Locate the line containing "Indonesian Boho Chic" in the material below. Copy that line and all following lines through the end exactly, omitting any pictures.
START DATASET SECTION
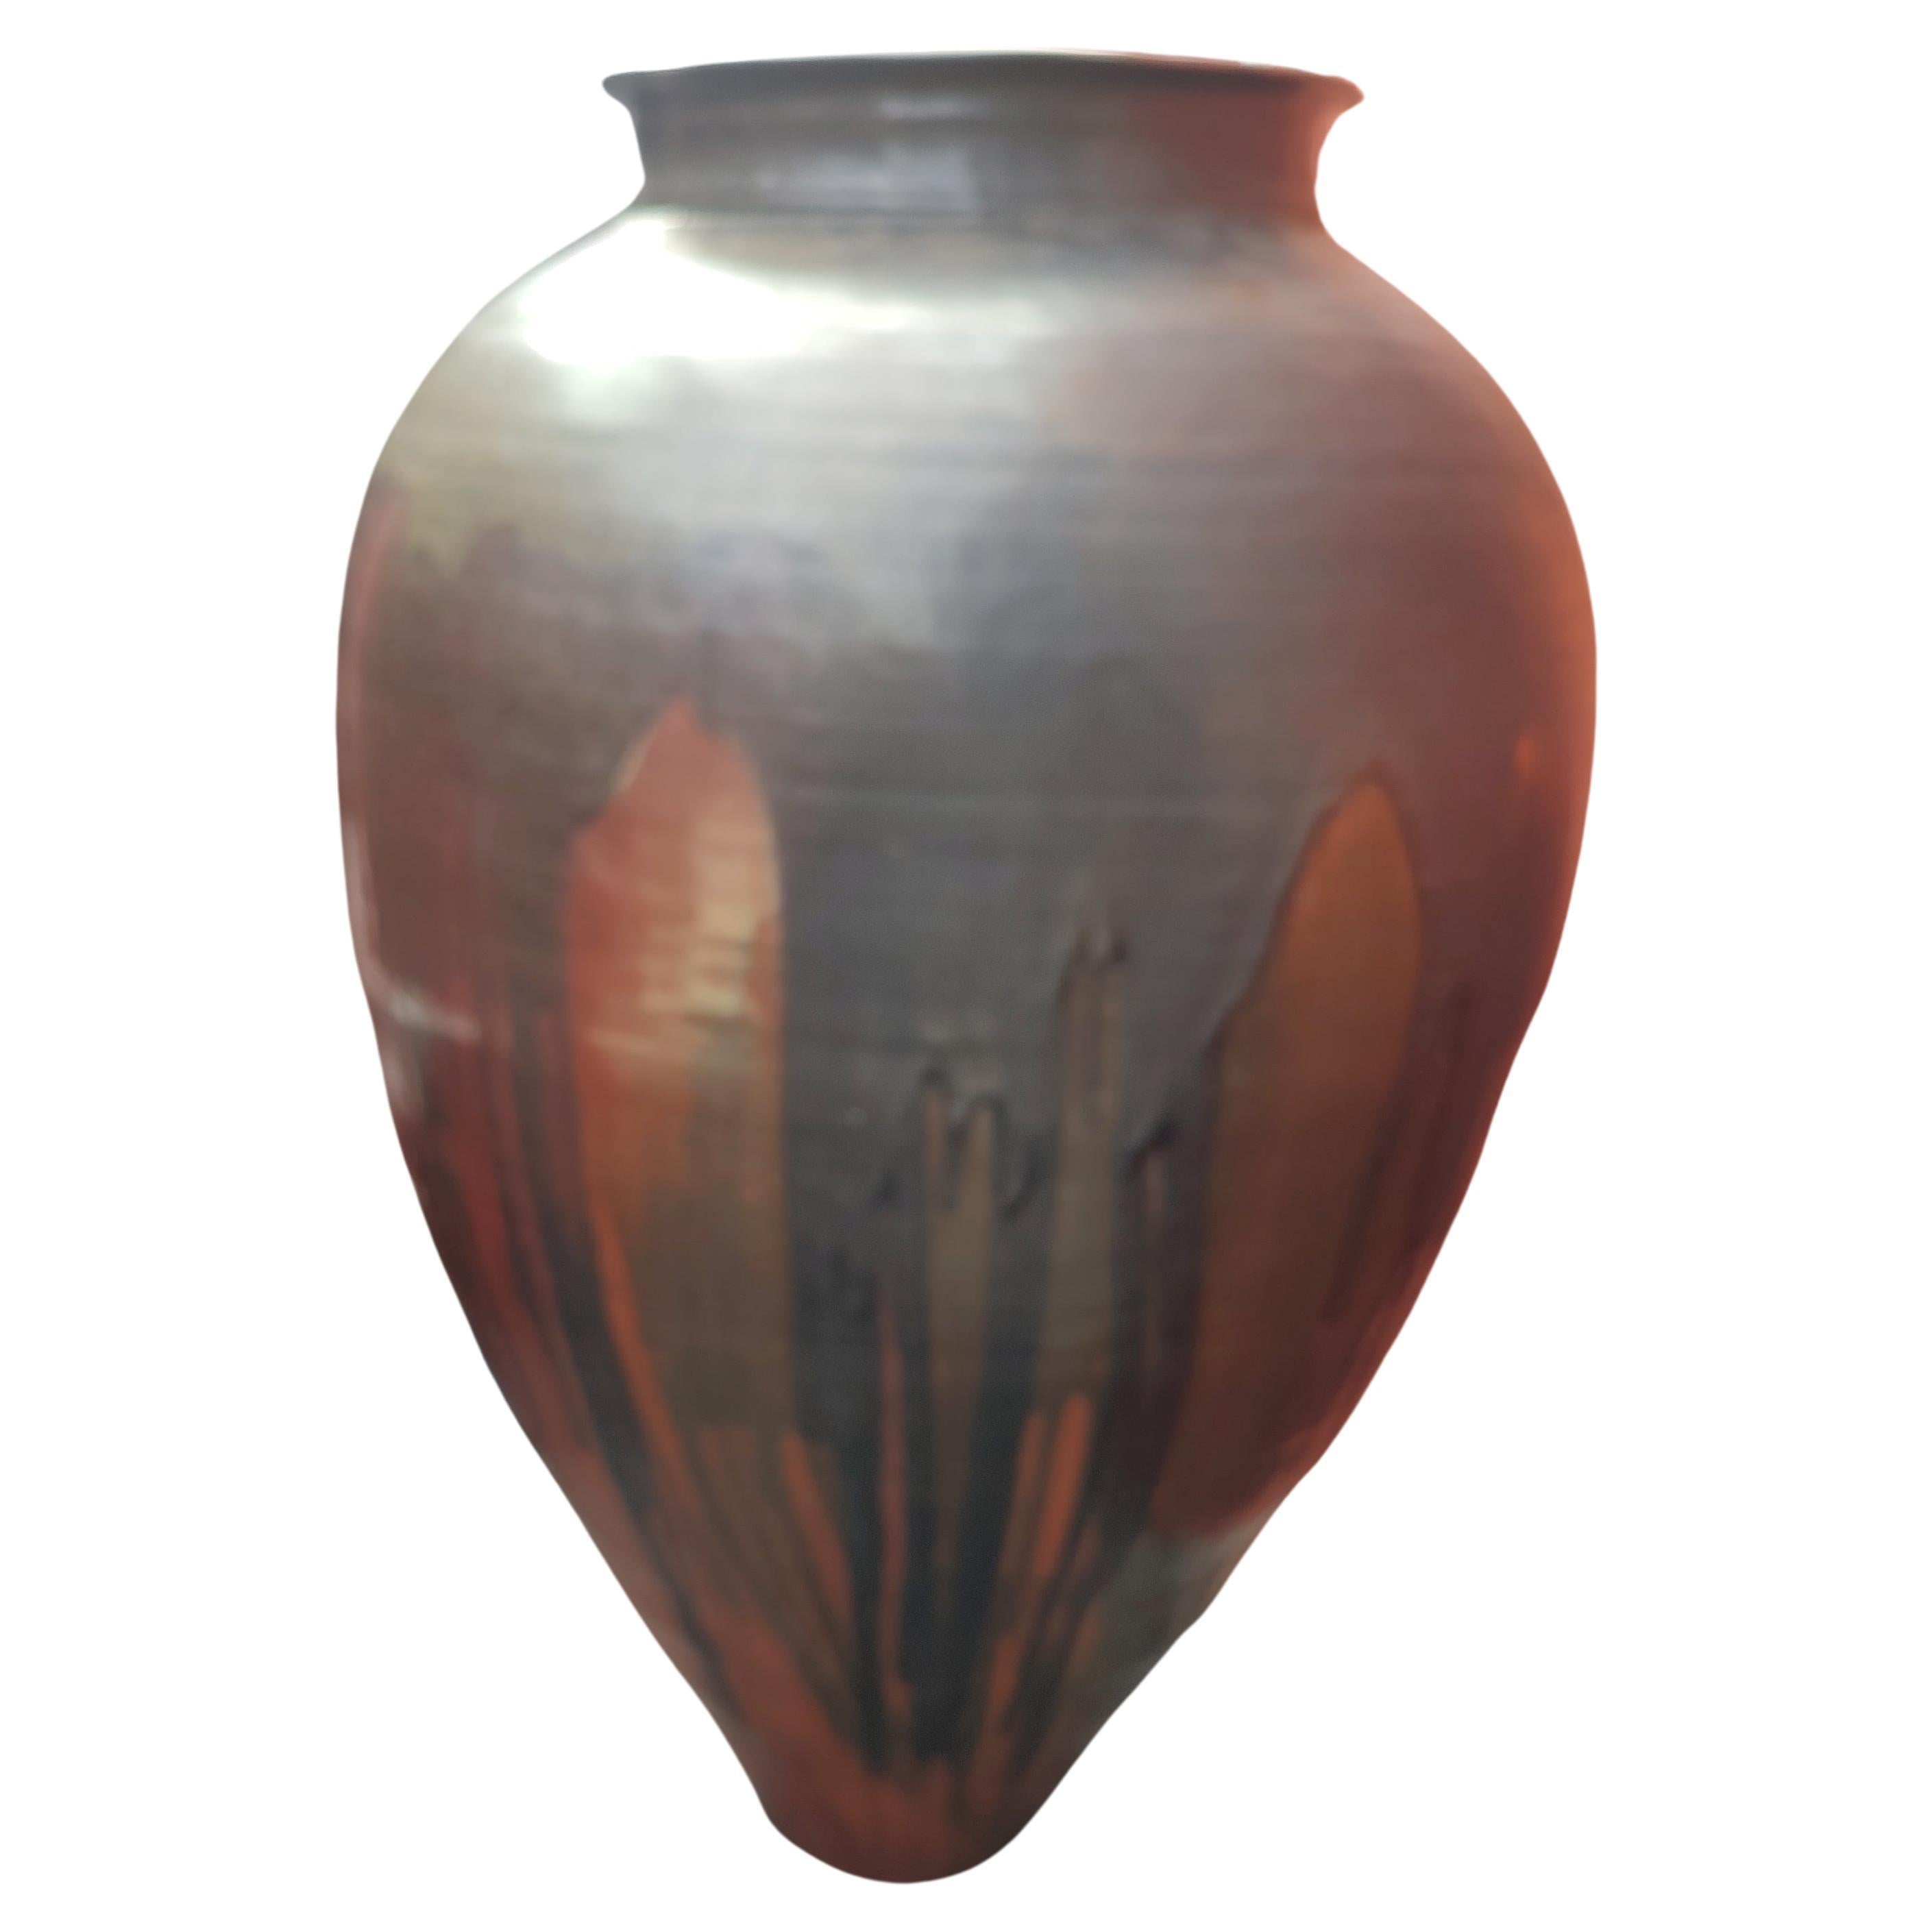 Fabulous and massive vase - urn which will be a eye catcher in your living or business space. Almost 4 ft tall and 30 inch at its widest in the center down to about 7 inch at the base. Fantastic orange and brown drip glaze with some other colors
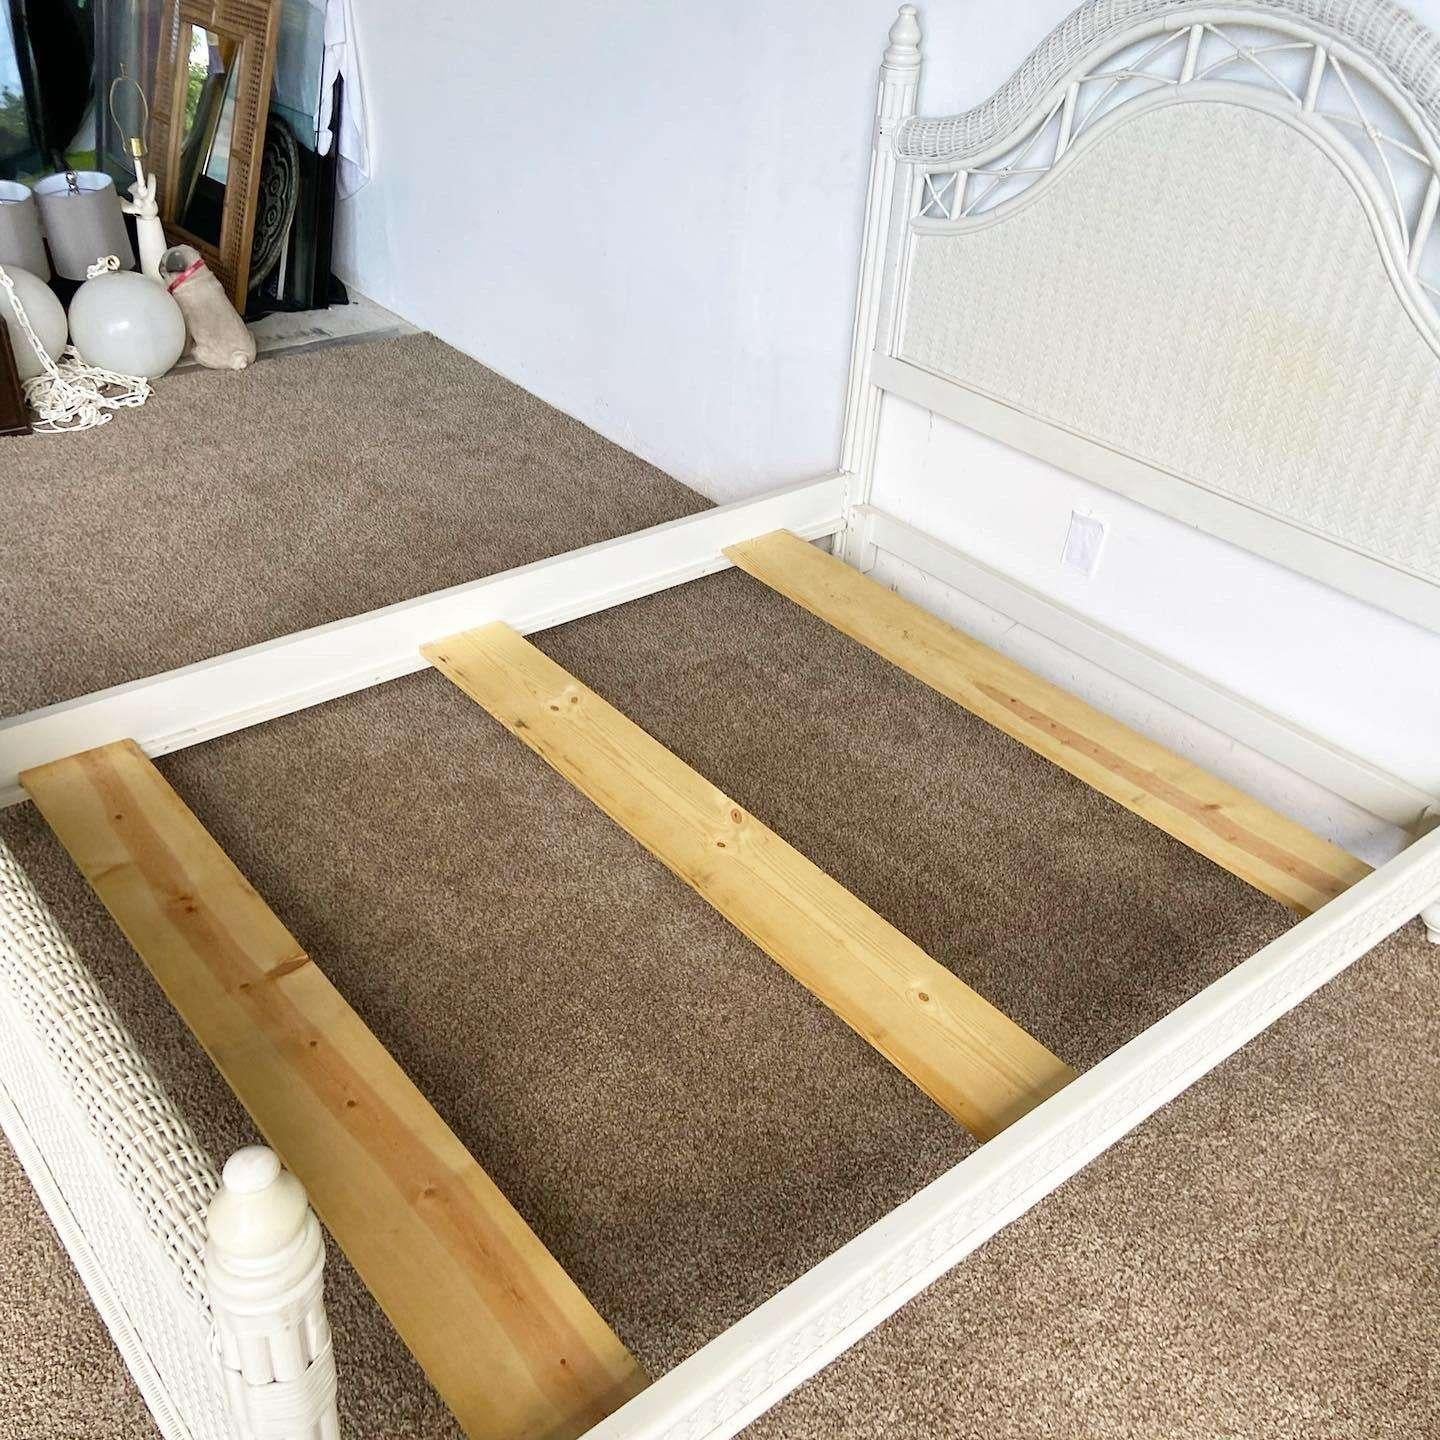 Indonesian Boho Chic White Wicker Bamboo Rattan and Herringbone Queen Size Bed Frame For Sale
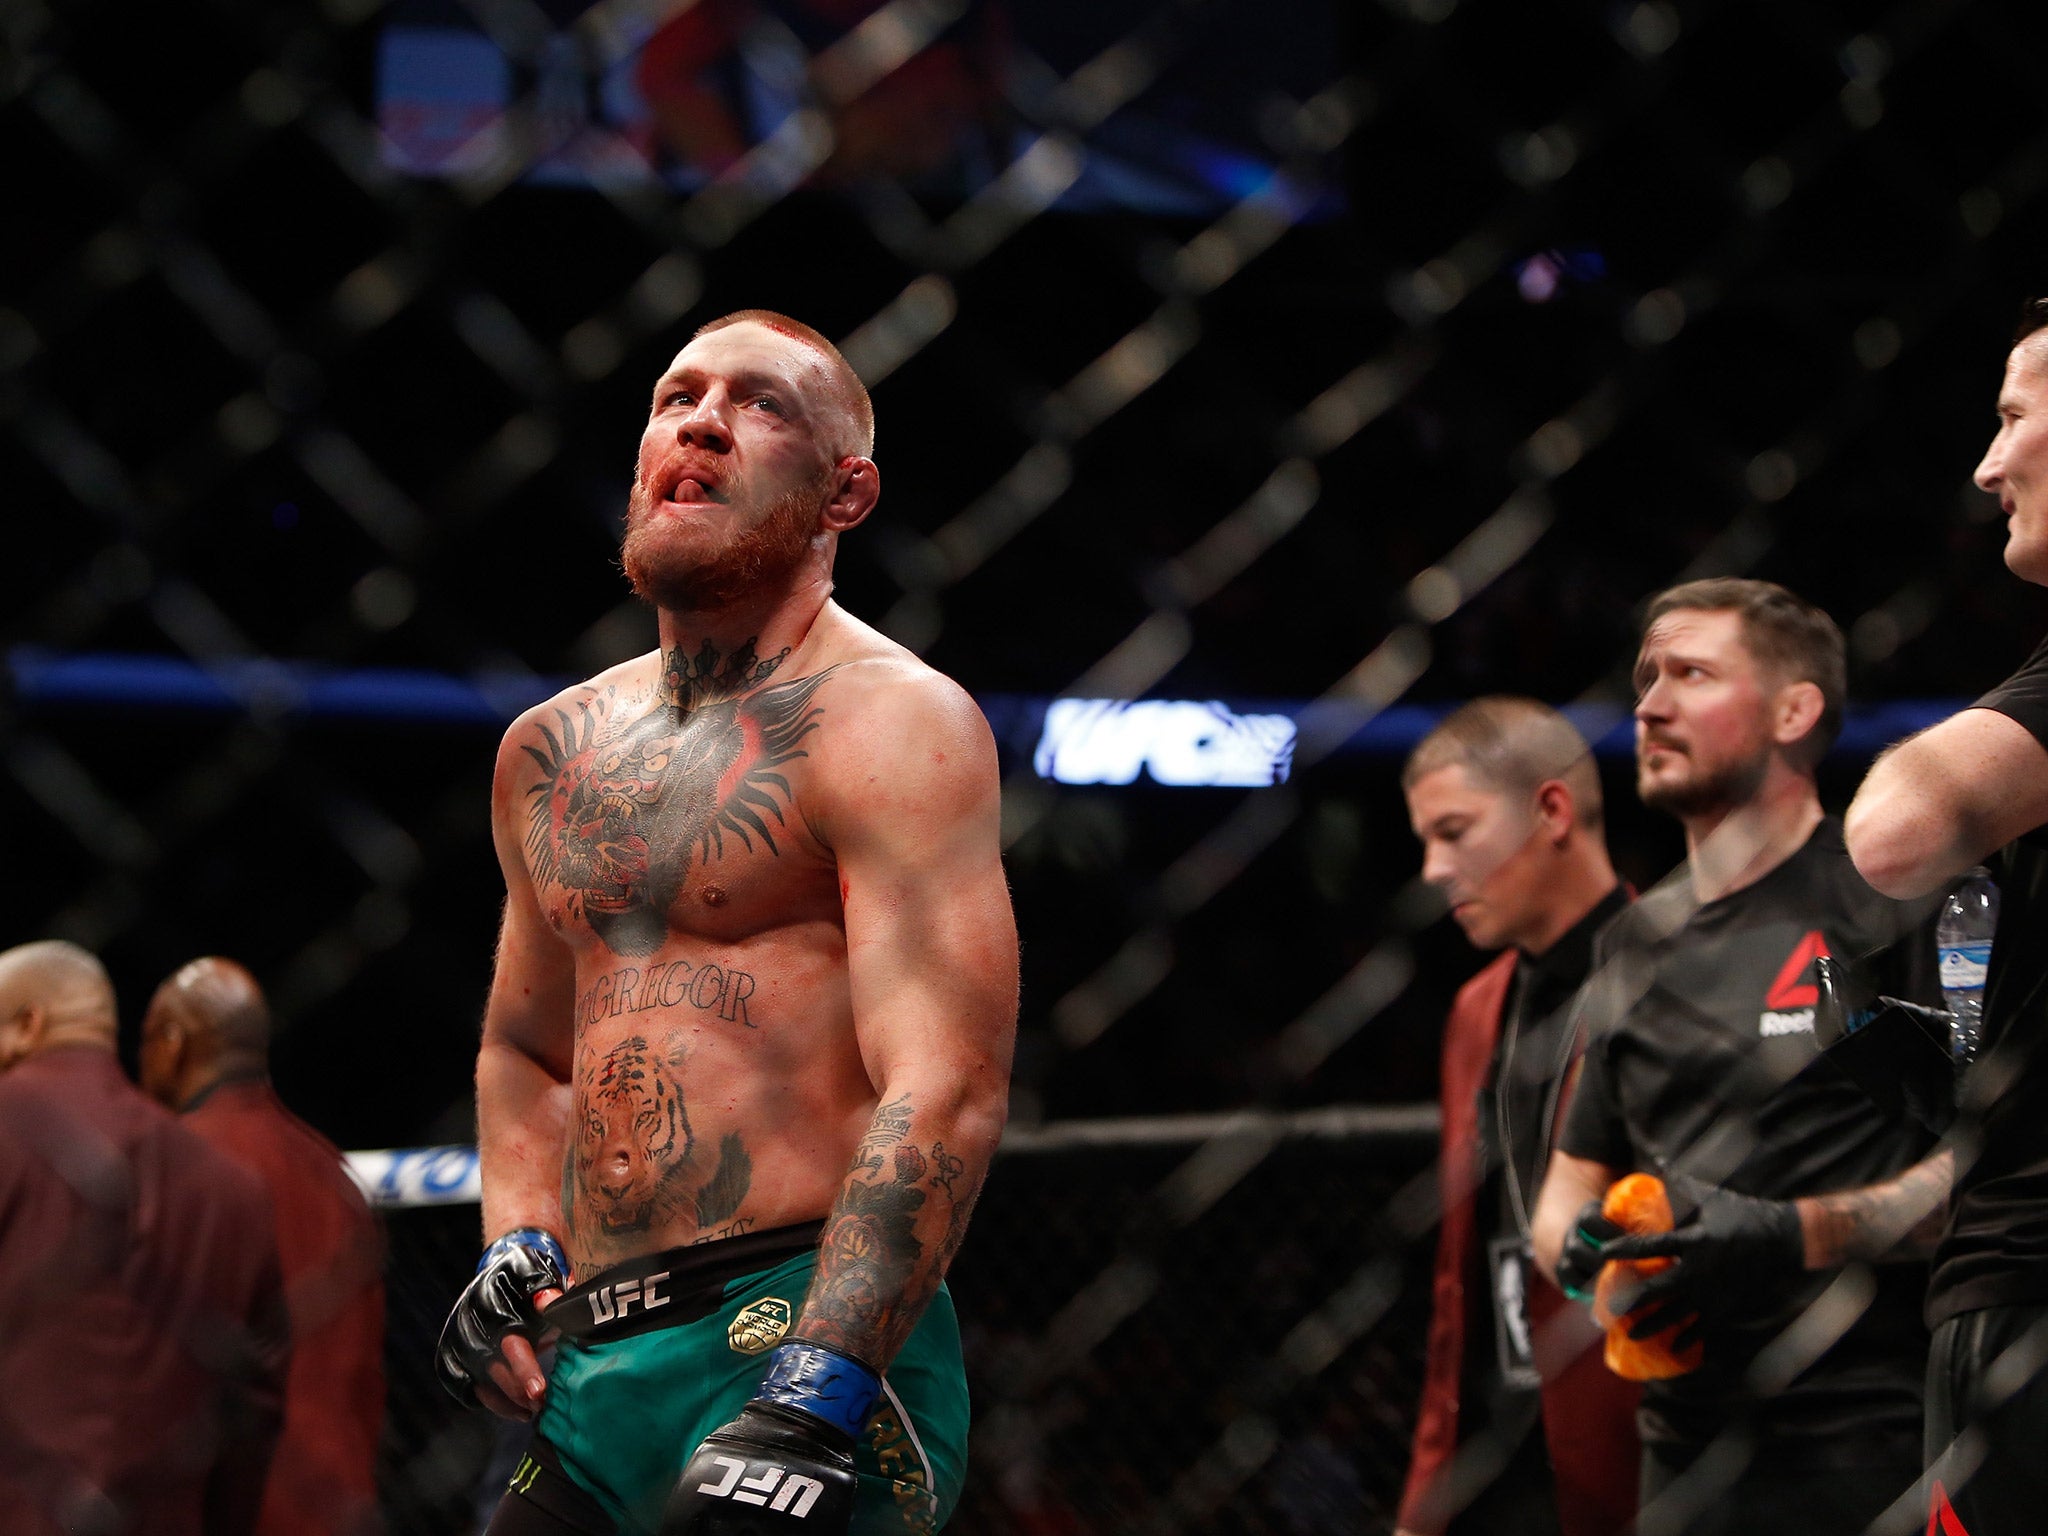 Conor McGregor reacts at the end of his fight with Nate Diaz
END DATASET SECTION
### [ANSWER FOR THIS EXERCISE]
 Indonesian Boho Chic White Wicker Bamboo Rattan and Herringbone Queen Size Bed Frame For Sale
 Conor McGregor reacts at the end of his fight with Nate Diaz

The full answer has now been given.